Sexual abuse

How some Nepali girls end up as prostitutes

Many women who end up as sex workers in a foreign country have actually left their homes voluntarily, without knowing what would expect them. Shame, stigma, the lack of documents, violence and a shattered self-confidence often keep them trapped in ­slavery-like conditions. This is the depressing fate of many Nepali women and girls. Civil-society organisations have begun to fight back.
Only few are free to go home: women in Kolkata’s red-light district in December 2020. picture-alliance/NurPhoto/Debajyoti Chakraborty Only few are free to go home: women in Kolkata’s red-light district in December 2020.

Nepal is a patriarchal society. Women and girls are considered to be less valuable than men and boys. Many families see daughters as a burden and want to marry them off young. Families who live below the poverty line struggle to make ends meet. Especially in poor rural communities, many people go to bed hungry, at least occasionally. They normally do not hesitate to send their young boys and girls away to work in cities and sometimes even abroad.

Nepal has a history of the Kamalari system. It means that girls from disadvantaged communities are sent to work as domestic servants in more prosperous households of high-caste landowners, business people or civil servants. The Kamalari system has been abolished by law, but it is still in practice to some extent. Traditions are difficult to uproot in low-income countries. The girls are usually aged around eight, but maybe as young as five when they leave their homes.

Obviously, job offers for teenage girls look lucrative to many families, and so do some marriage proposals. Criminal networks exploit vulnerable families. The promise of regular meals, good clothes and a tin roof over the head makes parents send their child away with a complete stranger.

Unknowingly, many parents sell their daughters into sex slavery. Indeed, thousands of women and girls have become prostitutes this way. Very many are being exploited in brothels or private households in India, the Middle East, Southeast Asia and even Africa. Recent reports show that China too seems to be becoming a routine destination for human trafficking from Nepal.

Nepal’s giant neighbouring country, of course, is where women and girls from Nepal are traditionally sent to. Their light skin colour is considered to be very attractive in India. Moreover, there is an irrational belief of sex with Nepali virgins curing various diseases, including HIV/AIDS. As crossing the open border is easy, India has also become a transit country.

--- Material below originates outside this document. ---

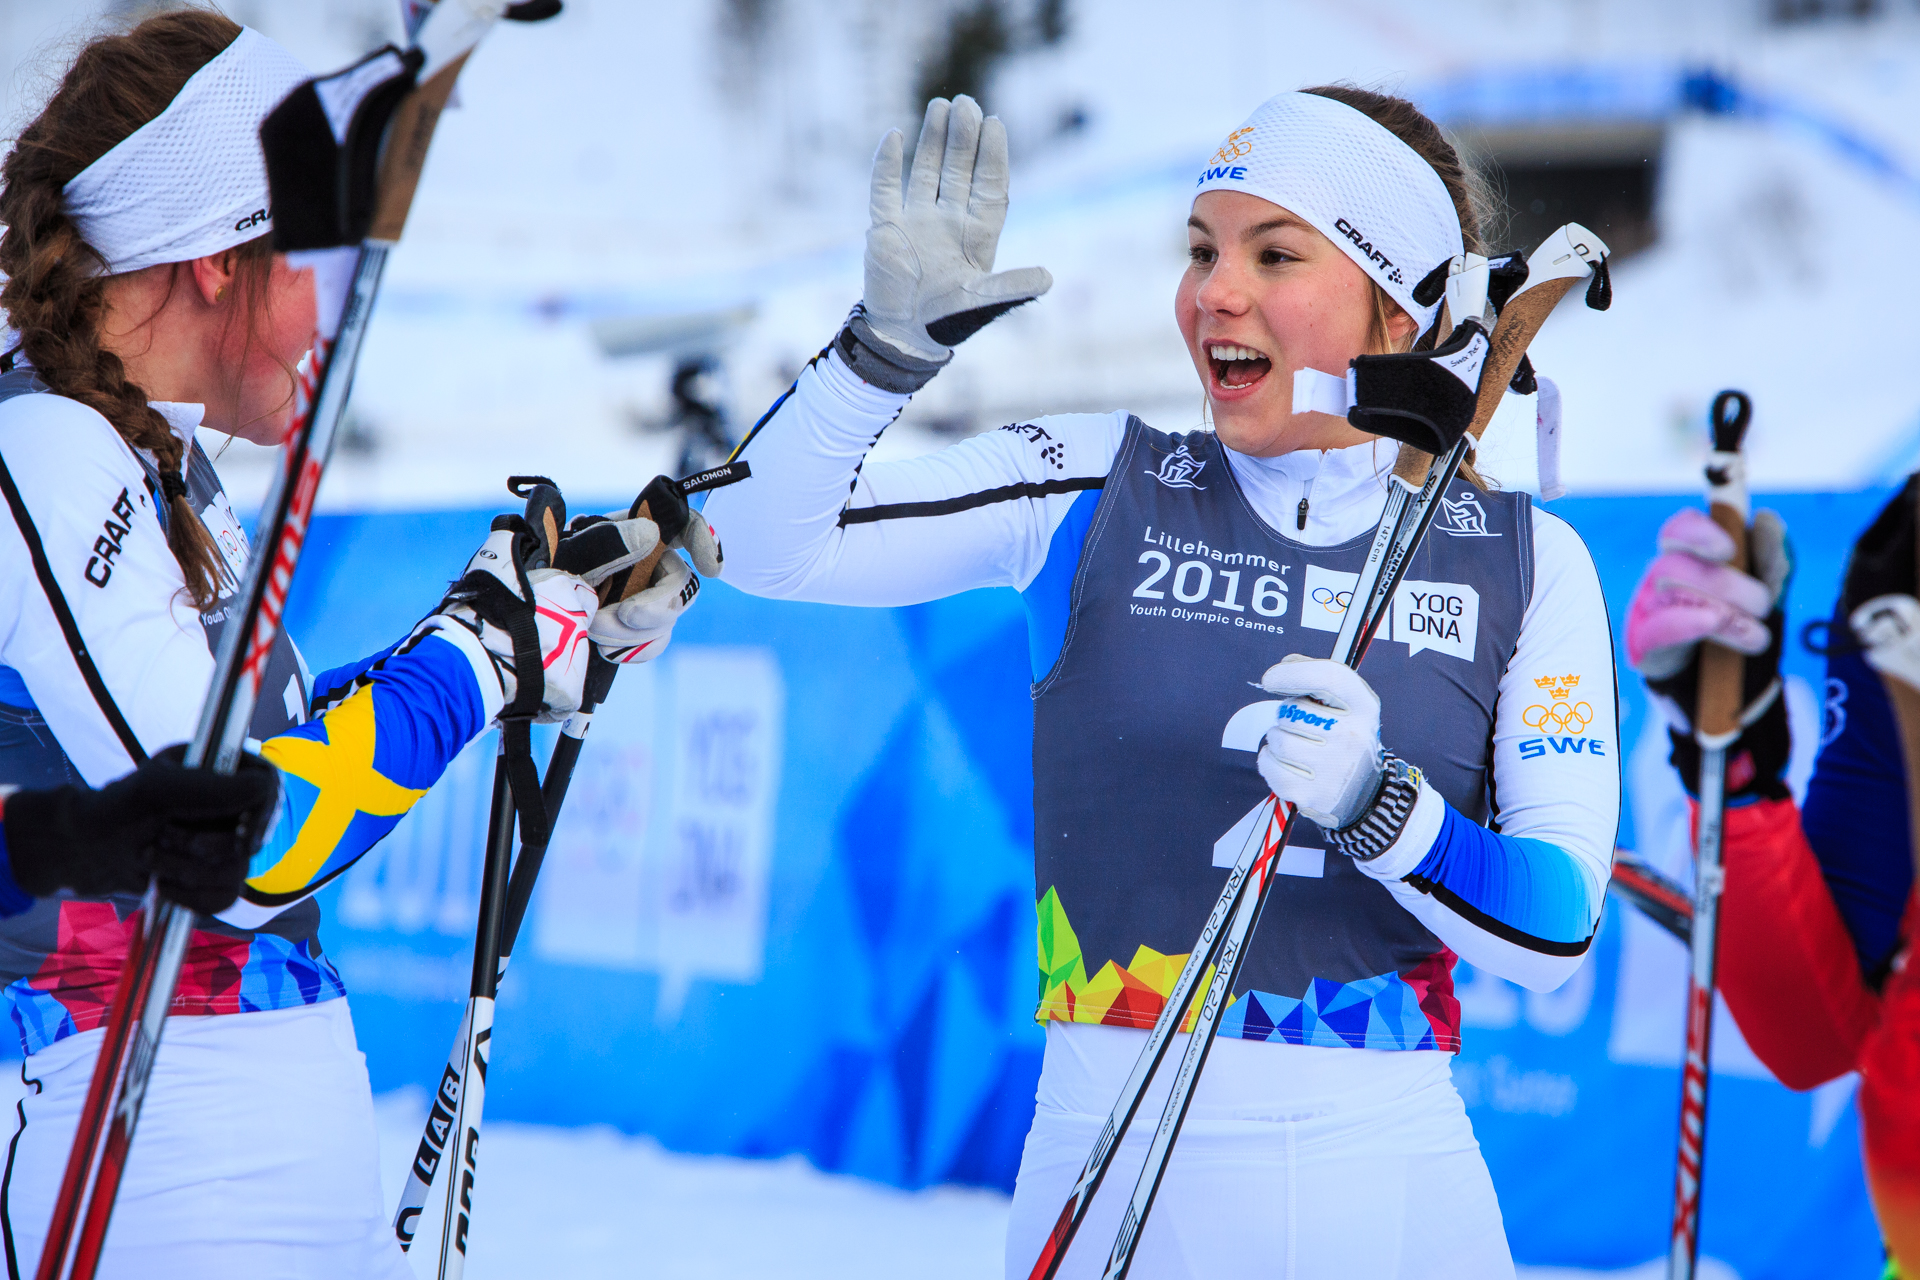 Lillehammer 2016 - Caroline Strømhylden2.jpg
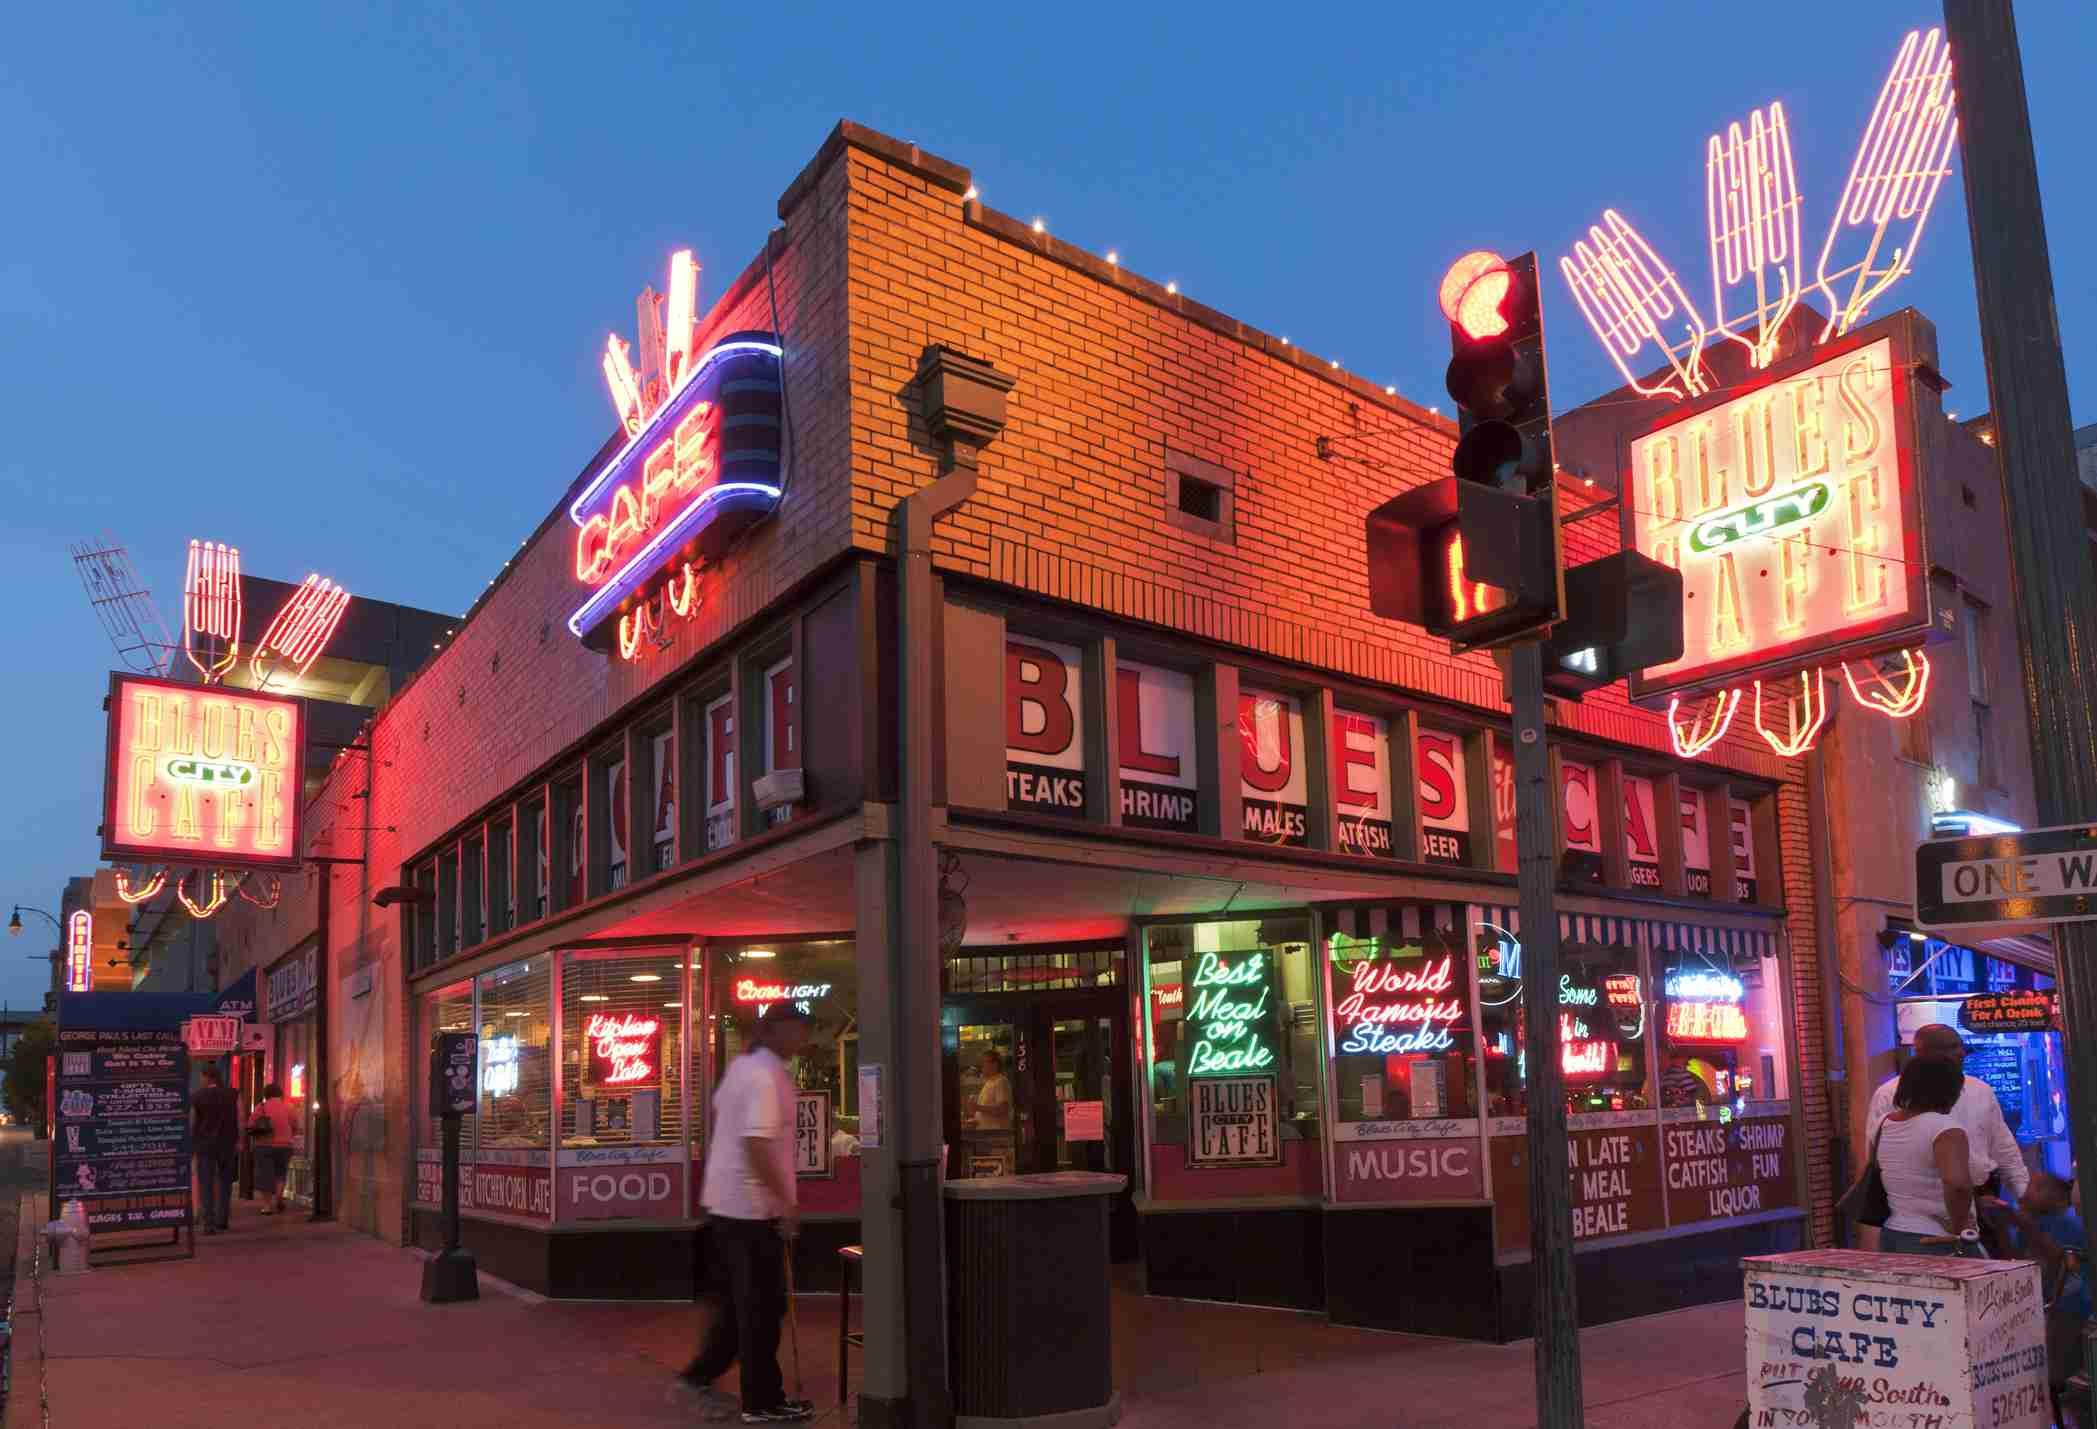 Blues City Cafe restaurant on Beale Street.

A 2018 study conducted by the Indian border guard Sashastra Seema Bal (SSB) stated that 108 girls and children were rescued at the Indo-Nepal border in 2013. By 2017, the number had increased almost six times to 607.

Nepal’s National Human Rights Commission reported in 2019 that “around 35,000 persons in Nepal have been trafficked, whereas around 1.5 million are at risk”. The Commission clarified that both internal and cross-border trafficking were prevalent and that about 15,000 women and 5,000 children had become victims. The true numbers are probably higher as official statistics cannot keep track of undocumented cases.

The background of this terrible trend is extreme poverty, unemployment and poor implementation of Nepal’s anti-­trafficking laws. The government of Nepal has indeed imposed restrictions for traveling abroad, given that emigration has become quite common (see box). It has limited the scope for leaving with the intention to become a household helper. The idea is to protect people from possible exploitation.

One consequence, however, is that more women and girls are now leaving the country without proper documents, which makes them even more vulnerable. After all, illegal aliens know they cannot turn to state agencies for help. It is easy to manipulate and control them, so traffickers tend to take passports and other ID documents away if one of their victims happens to possess one.

Once sold to a brothel, victims are trapped. It is very hard for them to move out – and even harder to return home. Shame and stigma matter very much. Moreover, sexual abuse and other forms of physical violence amount to deeply traumatising torture. Victims’ self-confidence tends to be shattered. Many neither believe they can live a normal life anymore – nor that they are entitled to one.

International pattern

There is an international pattern of women from poorer countries being brutally exploited as sex workers in prosperous nations. In the EU, for example, many women workers from the former Soviet Union or Africa are trapped in red-light areas. In the USA, many Latin American women are abused this way.

Things are not entirely hopeless however. Some victims have begun to fight back. Chari Maya Tamang is an example. At the age of 16, she was trafficked from Nepal to an Indian brothel where she was taken advantage of for almost two years. After being freed in a government raid, she returned to Nepal – only to find that her community no longer accepted her. However, she was the first who went to the police and named the people who had trafficked her. In 1997, a law court found eight men guilty.

In cooperation with other trafficking victims, Tamang started a civil-society organisation in 2000. It is called Shakti Shamuna and fights for the rights of trafficked persons. In 2013, it won the prestigious Ramon Magsaysay Award. Another important organisation is Maiti Nepal.

In Nepal it has become common for rescued trafficking victims to file cases against the persons who caused their suffering. The example set by Tamang not only inspires people in Nepal. Activists in many countries around the world are aware of what she suffered and what she has achieved nonetheless.


Rukamanee Maharjan is assistant professor of law at Tribhuvan University, Kathmandu.